Kentucky’s Democratic Gov. Andy Beshear, speaking on CNN Friday morning, called on Trump to retract the statement flagged by Twitter.
“During these times, we can condemn violence while also trying to listen, to understand, to know that there is deep frustration, rightfully so, in our country -- that there has not been enough action on creating equality, opportunity, and in health care, and in a time of this COVID-19 epidemic, it’s laid bare all of that,” he said.
Jeffery Robinson, the director of the American Civil Liberties Union’s Trone Center for Justice and Equality, called the statement “hypocritical, immoral, and illegal.”
Twitter has stepped up its efforts to counter Trump’s frequently factually incorrect claims. Earlier this week, the social media giant fact checked two of Trump’s tweets about mail-in ballots, drawing his anger.
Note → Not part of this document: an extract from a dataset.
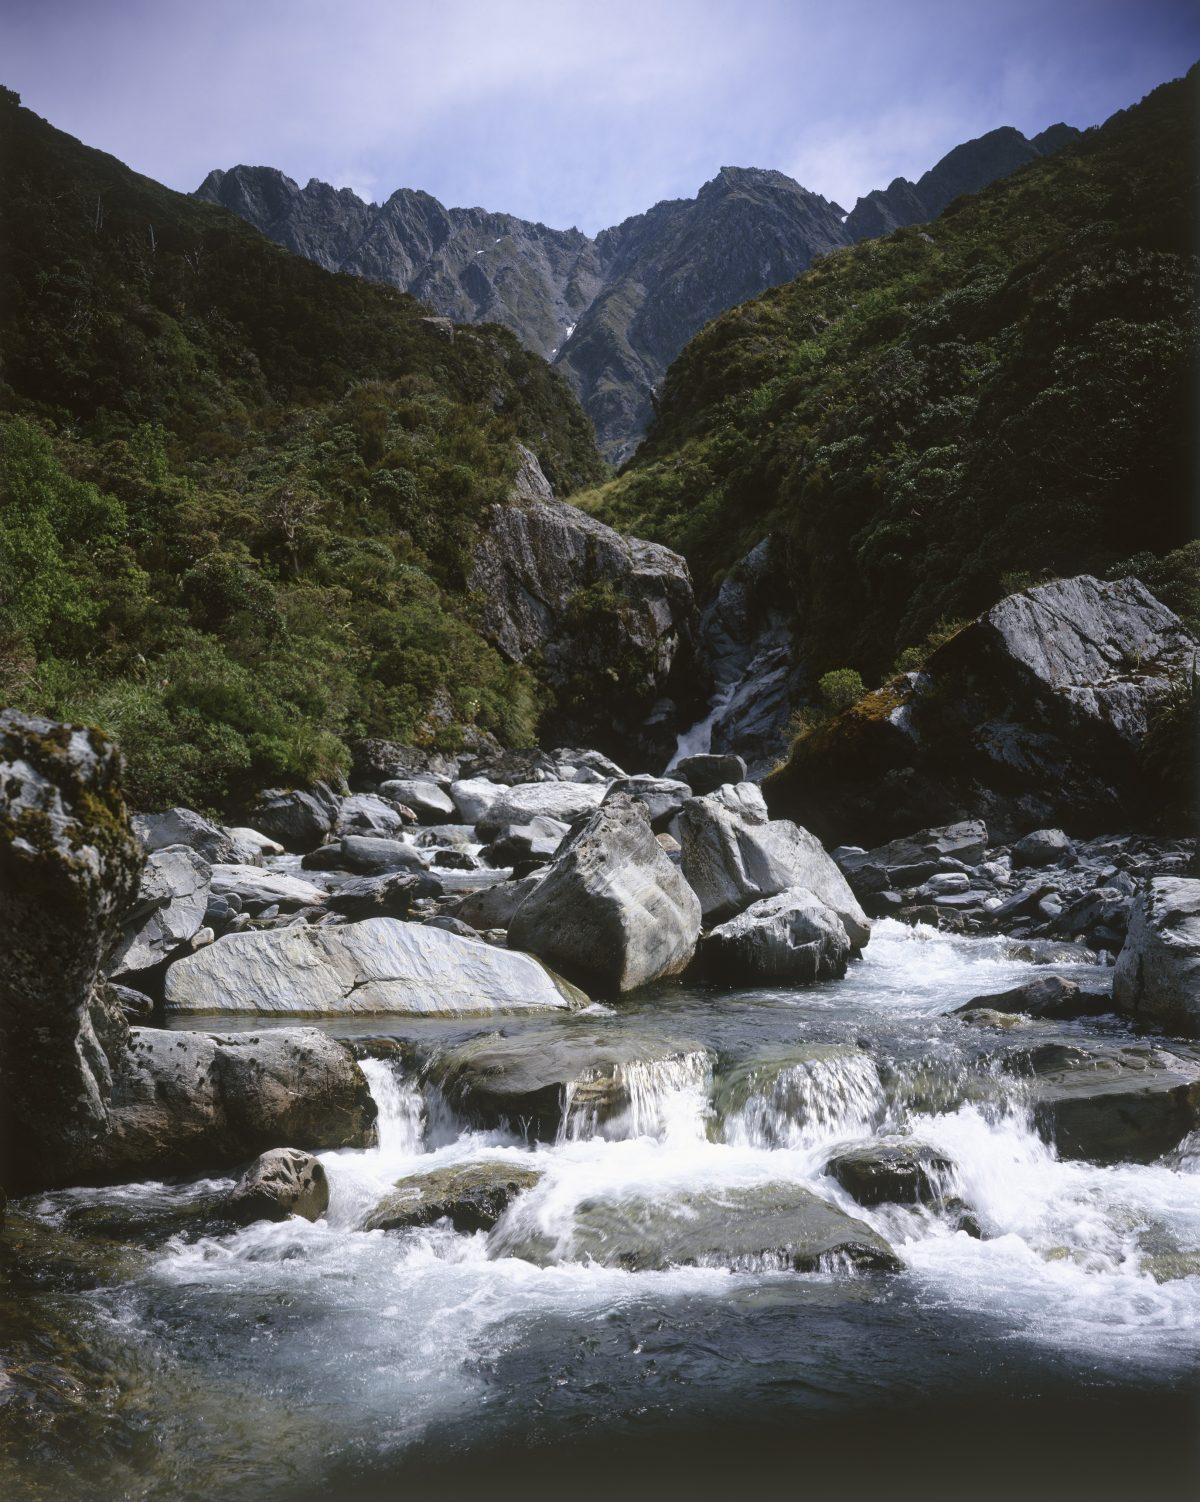 The Arahura River on New Zealand's South Island is one of the greenstone waters where pounamu can be found. (Jan Nauta/Museum of New Zealand Te Papa Tongarewa)
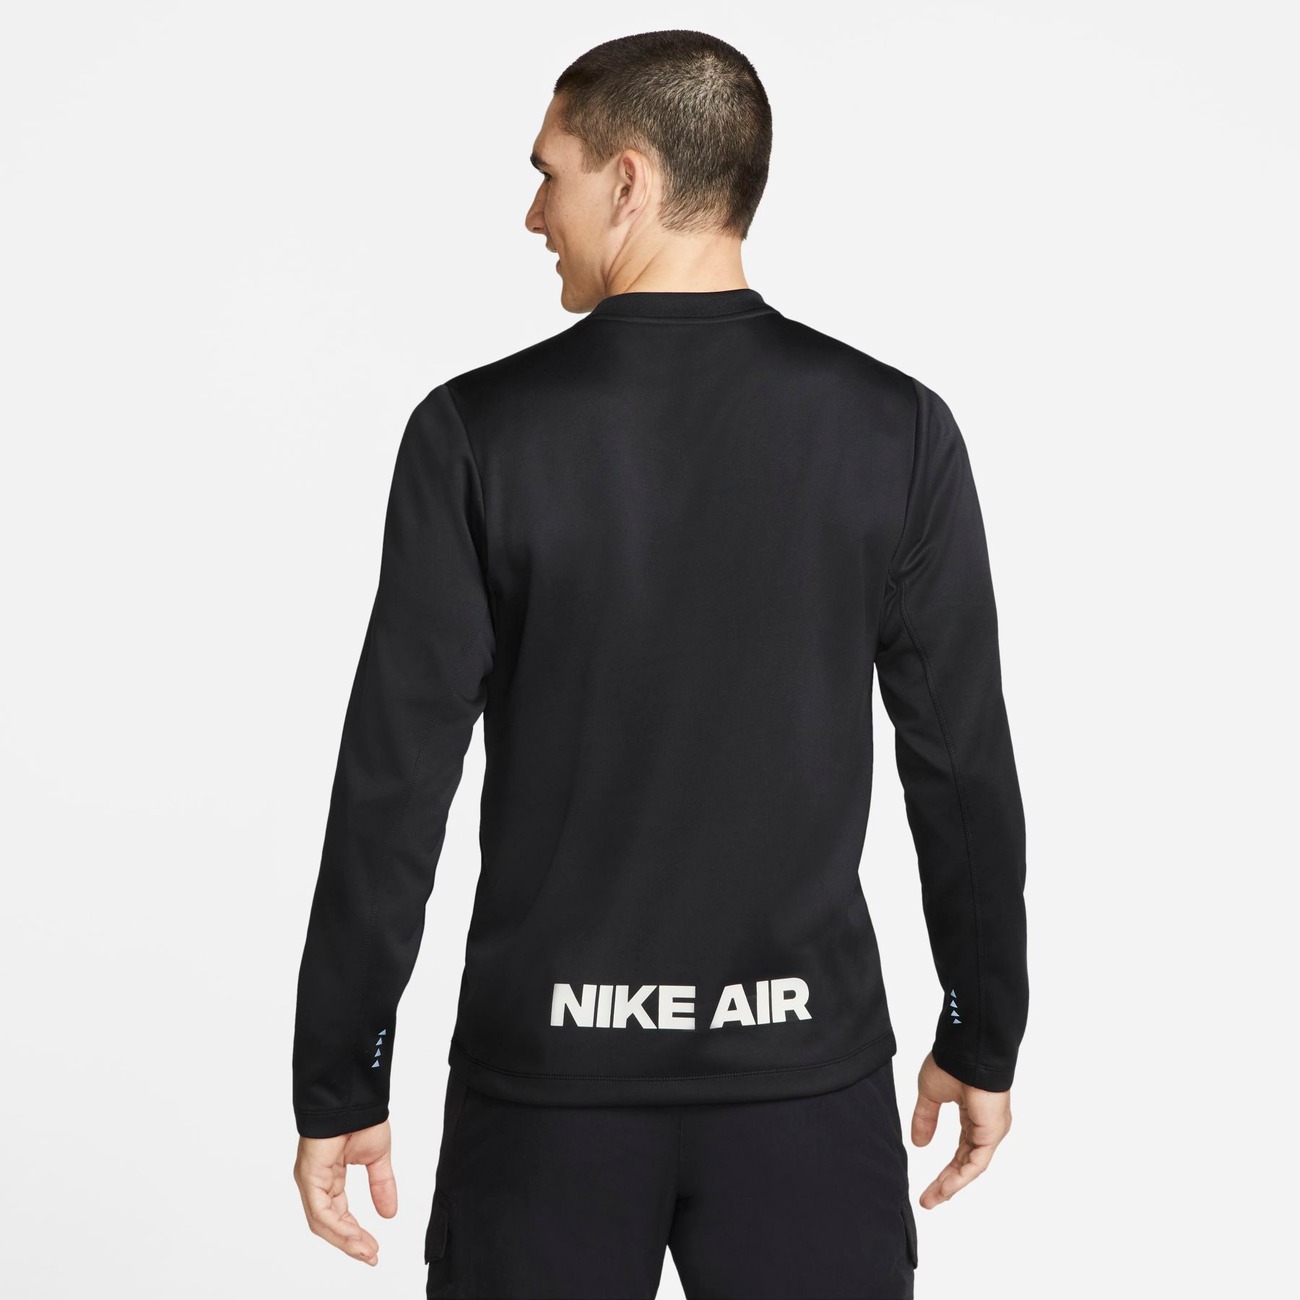 Blusão Nike Air Masculino - Foto 2

On Friday, the company said it had flagged Trump’s tweet “in the interest of preventing others from being inspired to commit violent acts.” The tweet remains accessible to users who click on the link, and Twitter said “it is important that the public still be able to see the Tweet given its relevance to ongoing matters of public importance.”
Supporters of the president balked at the move.
“It seems like they’re carrying out a vendetta against the president,” Republican Rep. Steve Scalise, the No. 2 GOP House leader, said on Fox News Friday.
But Jameel Jaffer, executive director of the Knight First Amendment Institute at Columbia University, who won the case that prevents Trump from banning his critics from his Twitter feed, said the First Amendment protects Twitter’s right to respond to the president’s speech, “including by attaching warnings to tweets that glorify violence.”
Once more likely to hew to the “blue lives matter” mantra, Trump, his allies and Republicans in elected office across the nation have been questioning the conduct of the officer who pinned Floyd down and calling for justice. But some activists see election-year political calculations.
“I think the difference is a November election,” said the Rev. Al Sharpton, a civil rights activist and Trump critic who has known the president for decades.
Trump has been silent on a number of high-profile police-involved killings. He never addressed the 2014 death of Eric Garner, who was placed in a chokehold by police trying to arrest him for selling loose cigarettes. Video of the encounter was viewed millions of times online, and Garner’s dying words, “I can’t breathe,” became a rallying cry for the Black Lives Matter movement. Trump has, however, invoked those words on several occasions to mock political rivals, even bringing his hands to his neck for dramatic effect.
And he has even appeared to advocate for the rougher treatment of people in police custody, speaking dismissively of the police practice of shielding the heads of handcuffed suspects as they are being placed in patrol cars.
But Trump and his allies have taken a different approach in response to Floyd, who can be heard and seen on tape pleading that he couldn’t breathe before he slowly stops talking and moving.
Even conservative radio host Rush Limbaugh, who once called Black Lives Matter a “terrorist group,” said Floyd’s death was totally “unjustified” and he was “so mad.”
The outpouring comes as the Trump campaign has sought to chip into the longstanding advantage Democrats have with black voters.